I ran ~/bin/run-valgrind-test.sh which contains the following command

strace -f -o /tmp/stra.out valgrind --verbose --trace-signals=yes
--show-mismatched-frees=no --vgdb=yes --vgdb-error=0 --trace-children=yes
~/objdir-tb3/dist/bin/thunderbird-bin

strace is used to capture what system calls valgrind was issueing.

I used -vgdb=yes, and --vgdb-error=0 to attach to the thunderbird binary that
is monitied by thunderbird binary.
It turns out that thunderbird binary runs an external program (by fork()) about
the time it segfaulted and so I added --tracechildren=yes.
(However, I found that the crash occurs on the original process).

Anyway, logN-main.txt recorded the log output from the above command line.
One of the logN-dddd.txt and logN-dddd'.txt contains the first instance of gdb
that is attached to the thunderbird process under valgrind/memcheck.
I set a few breakpoints at main and at fork, and let it run.
I dumped the mmap layout by printing /proc/PID/maps (PID being the process id
of the thunderbird process).

logN-stra.out.gz contains the recoding from strace.
logN-crash.txt contains the last part of the strace output (logN-stra.out.gz)
and a few comments regarding the particular test run.

Under the particular version of 4.7.0.1 (which is Debian-supplied), valgrind
invokes another process by fork(), and when it happens, valgrind suggests that
I attach another gdb to the sibling process. (--vgdb=yes --vgdb=error), and I
do so and run the sibling process under gdb.
However, the sibling does not seem to be the culprit.
But the original parent process or rather the original valgrind that runs the
original thunderbird binary seemed to crash. (But note the comment about
gdb showing three SIGSEGV and the first two (2) are for stack fault and handled
by valgrind, and only the third one being the fatal SIGSEGV later in this post.
(In the discussion of 4-9-x-dir/log5-main.txt )

Anyway, you can see that valgrind experiences SIGSEGV eventually.

I did not include the case where I stepped through the parent
valgrind+thunderbird execution by stepping using "c" for continue and "fun" for
function level trace.
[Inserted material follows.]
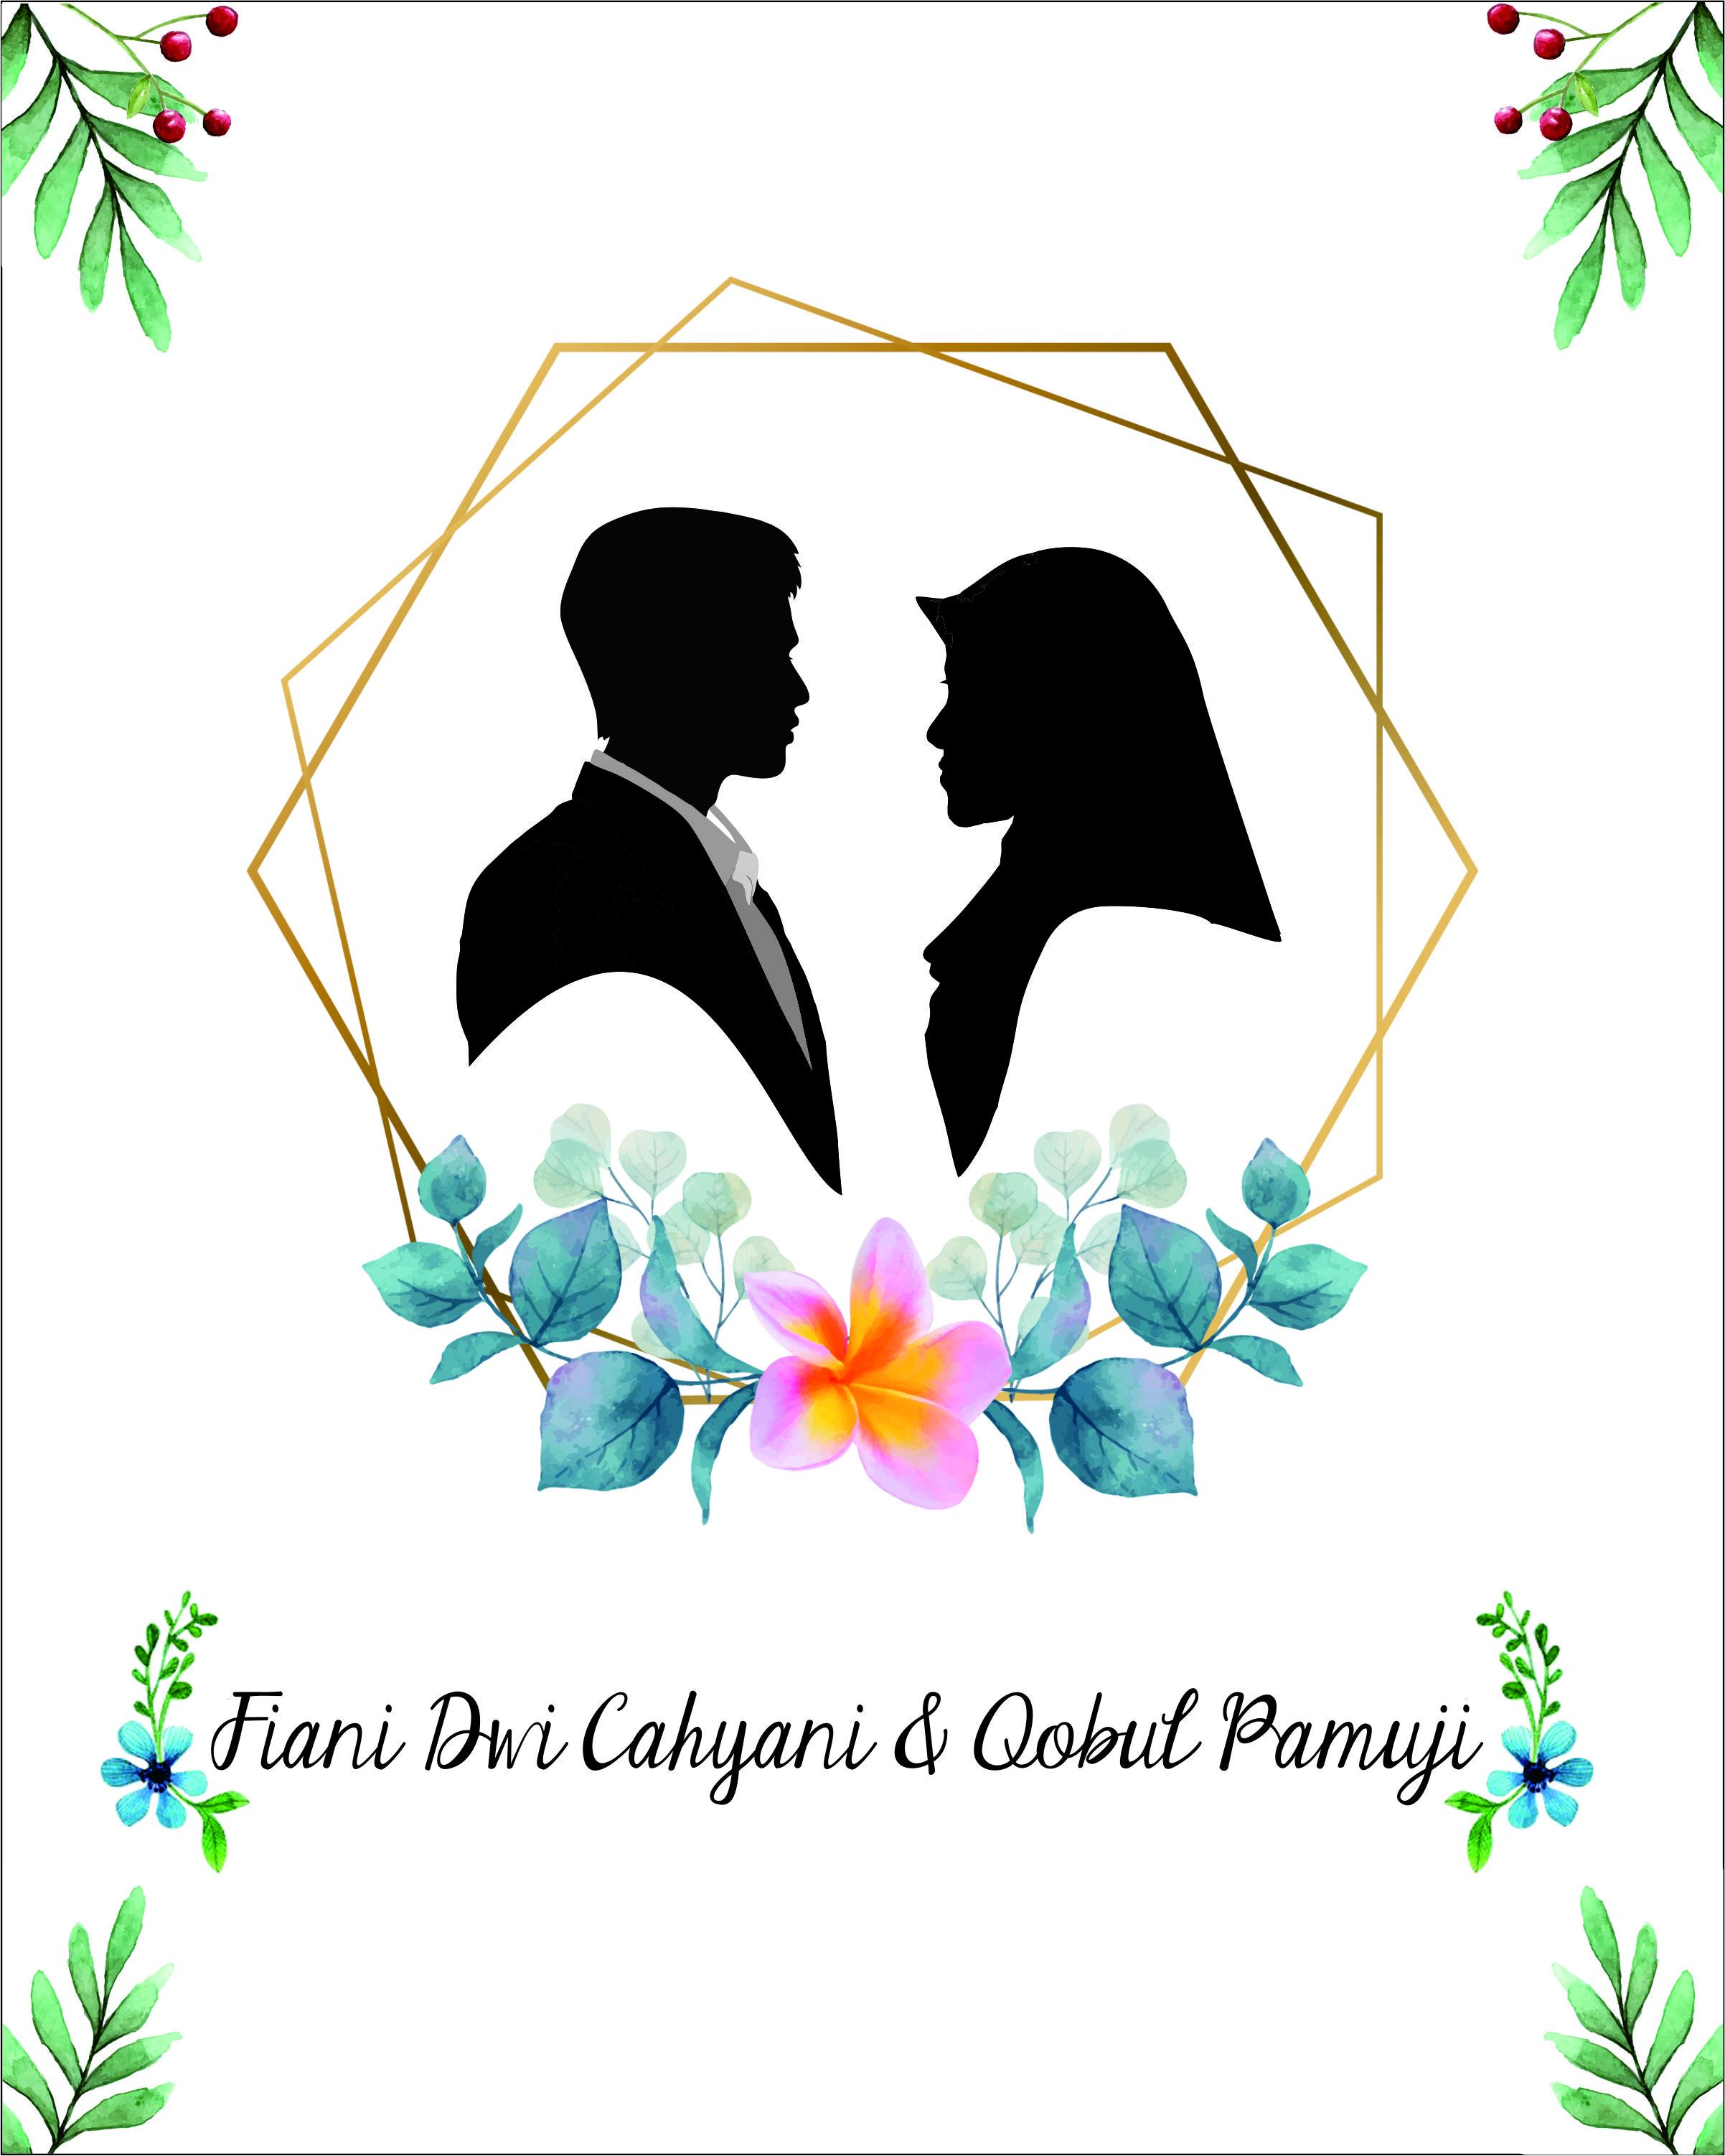 Pin Oleh Olic Id Di Animasi Wedding Kartu Pernikahan Gambar Pengantin Kartu
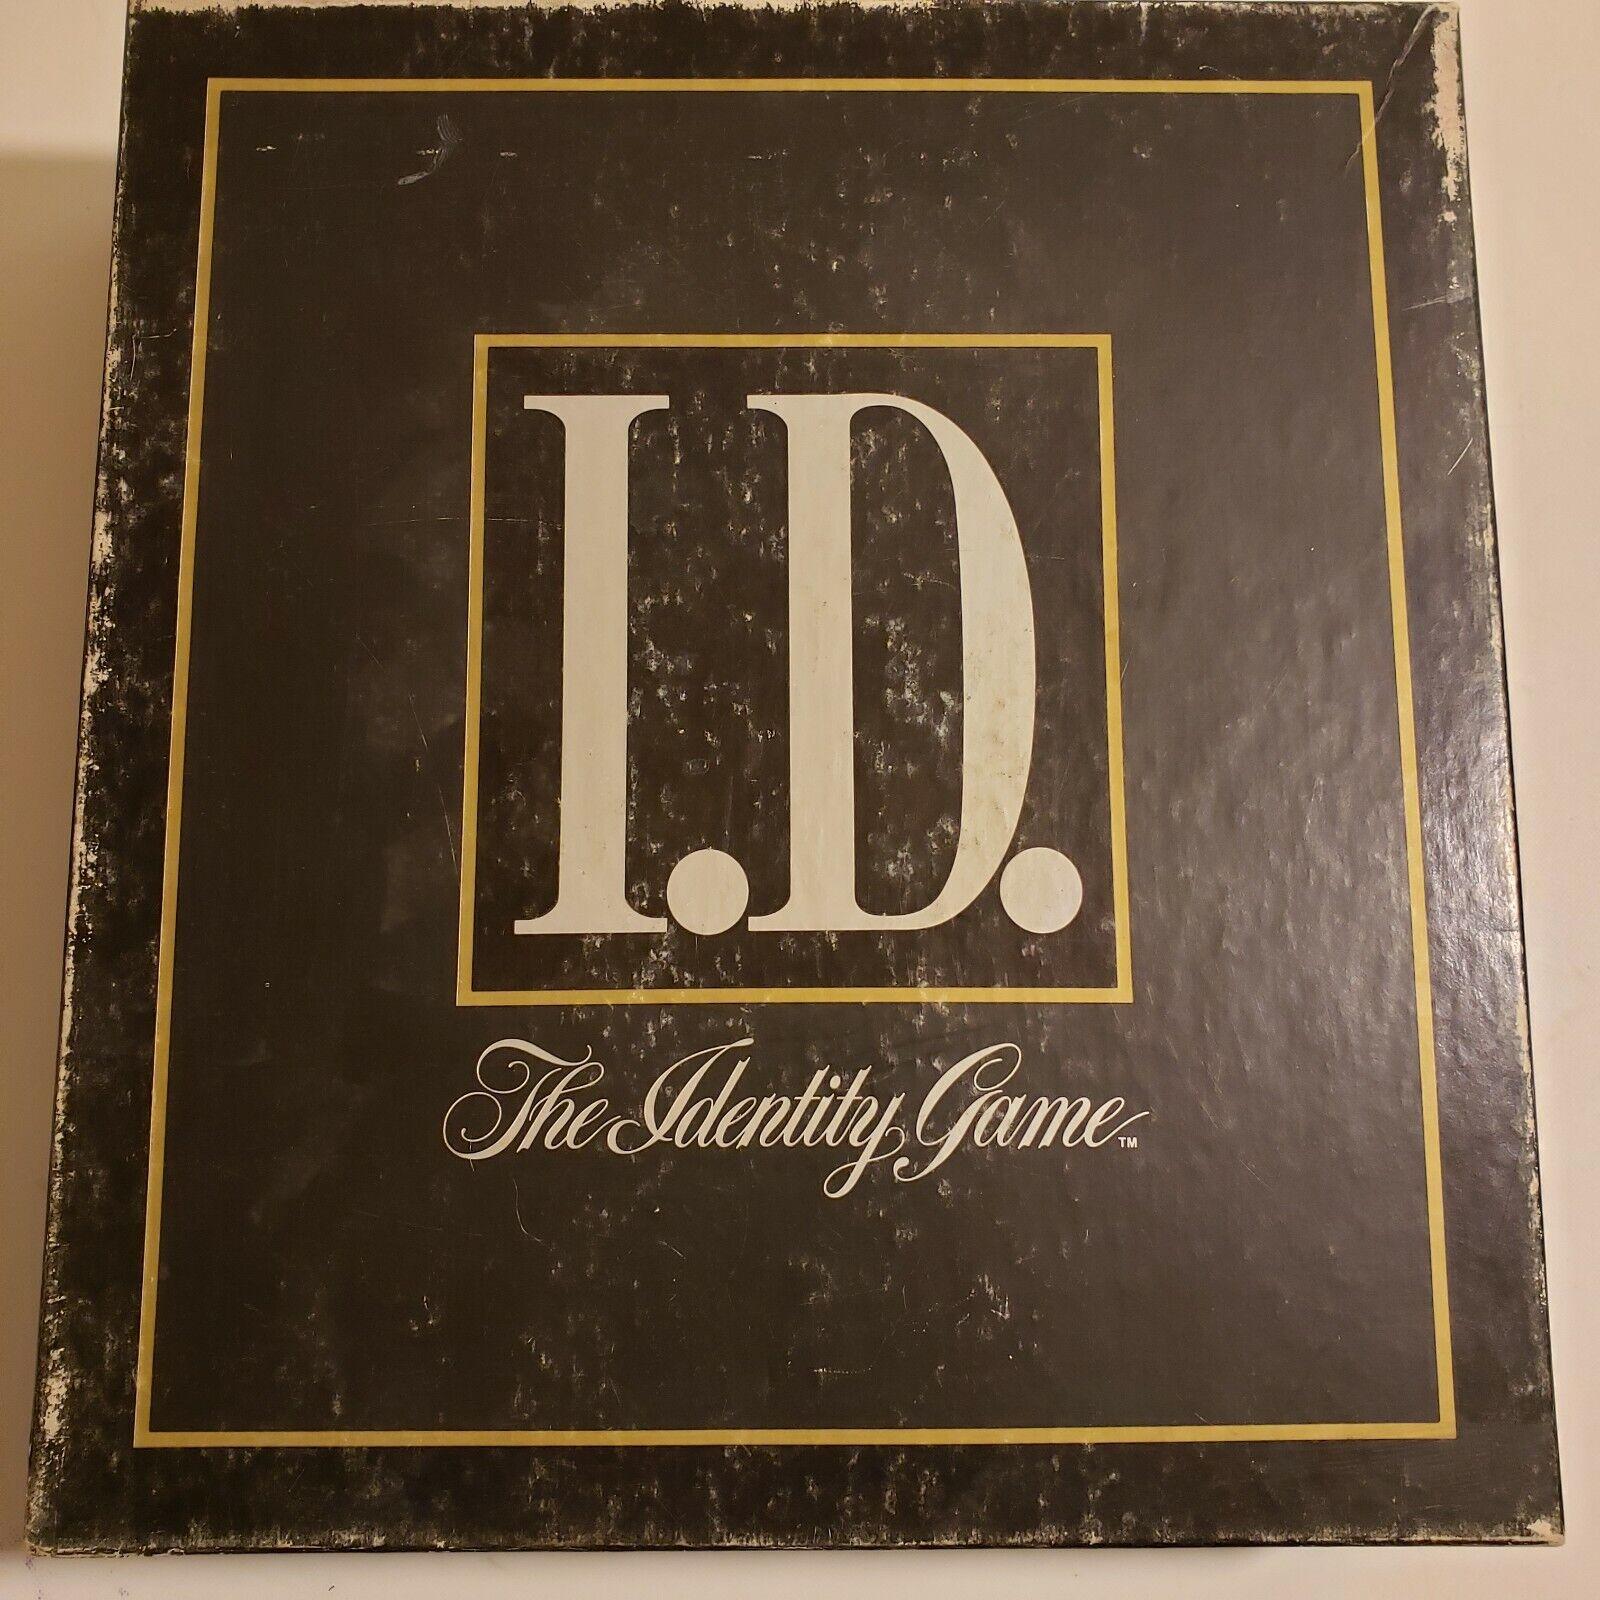 Mercancía de alta calidad y servicio conveniente y honesto. 1988 tarjeta de juego de identidad I.D. la la la mejor pista adivinando ricos y famosos  gran descuento

In one case, the crash did not happen and thunderbird ran
to completion without experiencing the crash. So the issue is timing-related
and race condition exists somewhere in the code (on the valgrind side as well.)

[2] log under 4.9.x kernel test runs

There are files (N=1,2,3,4)
 - logN-main.txt
 - logN-error.txt
 - logN-stra.out.dddd.gz
 - logN-gdb-ddd.txt

logN-main.txt contains the log/print from running the following command line:
strace -ff -o /tmp/stra.out valgrind --verbose --trace-signals=yes
--show-mismatched-frees=no --vgdb=yes --vgdb-error=0 --trace-children=yes
/NREF-COMM-CENTRAL/objdir-tb3/dist/bin/thunderbird-bin

(Sorry, this is on a different machine with different file layout. this is on 4
core machine.)


logN-gdb-ddd.txt: logN-gdb-ddd.txt contains the log from the attaching gdb.
Since the SIGSEGV occurs way before the child process is forked(), there is
only one log from the instance of gdb that is attached to the thunderbird
binary monitored under valgrind/memcheck.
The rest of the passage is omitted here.